With the guidance of one my sweetest and wisest co-workers, I was able to completely overturn some negative thoughts that have taken over, even after I’d promised I wouldn’t let them. I made mention of my plaguing lack of confidence in the interview I had recently. She told me to remember that I’d already won. But without a job offer in hand, I didn’t understand how I could have won when some other better qualified candidate could always be in the shadows. She explained how if we decide we want something and we take the first step in achieving it, we win. If fate/chance/circumstance decides otherwise and you don’t progress, your trying effort is still your gold star. It could easily be a pick-me-up for a failed venture but I really, really believe this.

I wish I could arm her with a megaphone and ask her to tell everyone what she told me, without my improvised words mucking it up like they do. It was exactly what I needed to hear. More and more often, the things she tells me seem to be catered to the way my mindgrapes are leaning and she helps me back onto the better, brighter, less-falling-rocks path.

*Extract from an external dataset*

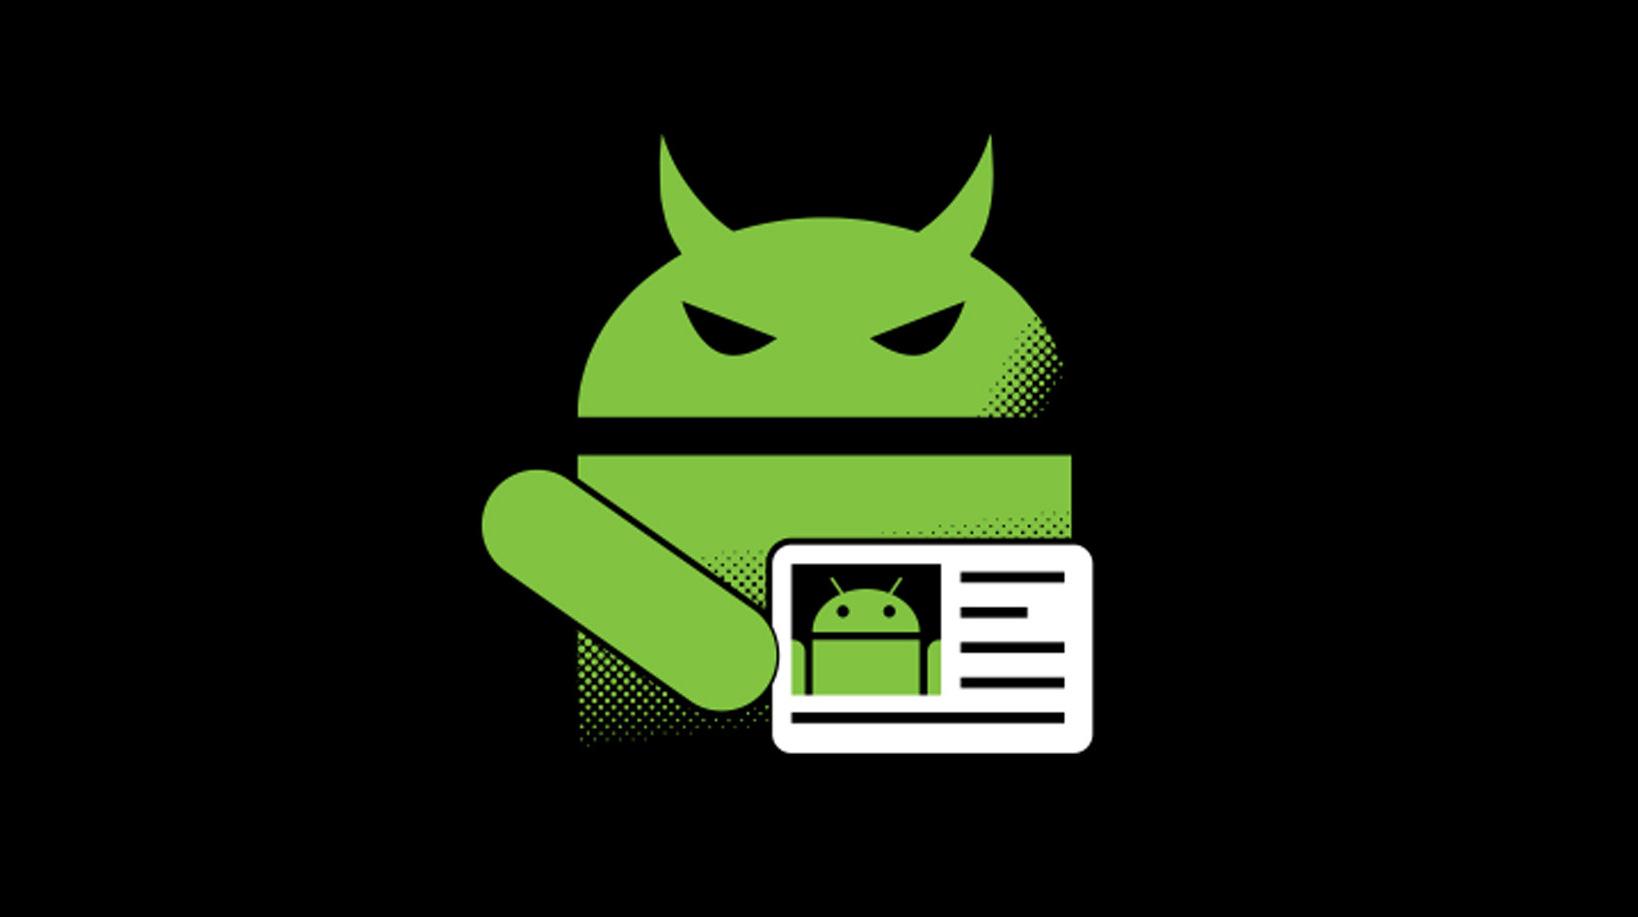 Srpnová aktualizace Androidu opravuje kritickou chybu některých Snapdragonů
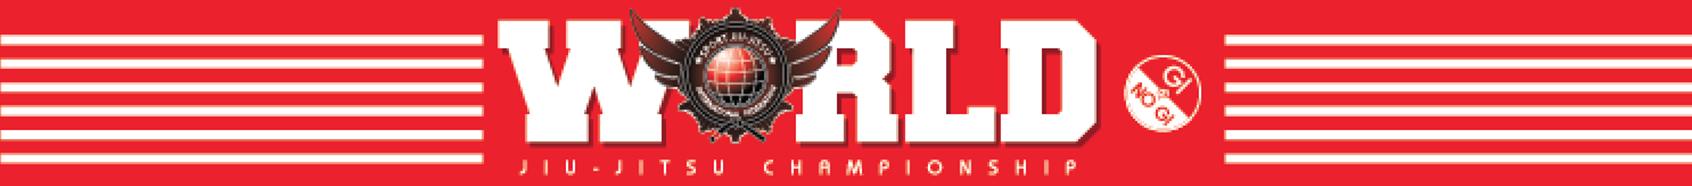 SJJIF World Jiu-Jitsu Championship Gi

Girl has no idea and I should really tell her how easily I breathe when I walk away from a conversation with her.

 -CJ

results

April 16, 2010

Endeavor #1, from Wednesday: My optimism is wavering. I left the small office with no idea where I stood. It was regarding a position for office management mixed with (very) junior sales executive.

Endeavor #2, from Thursday:

I don’t really want to talk about it.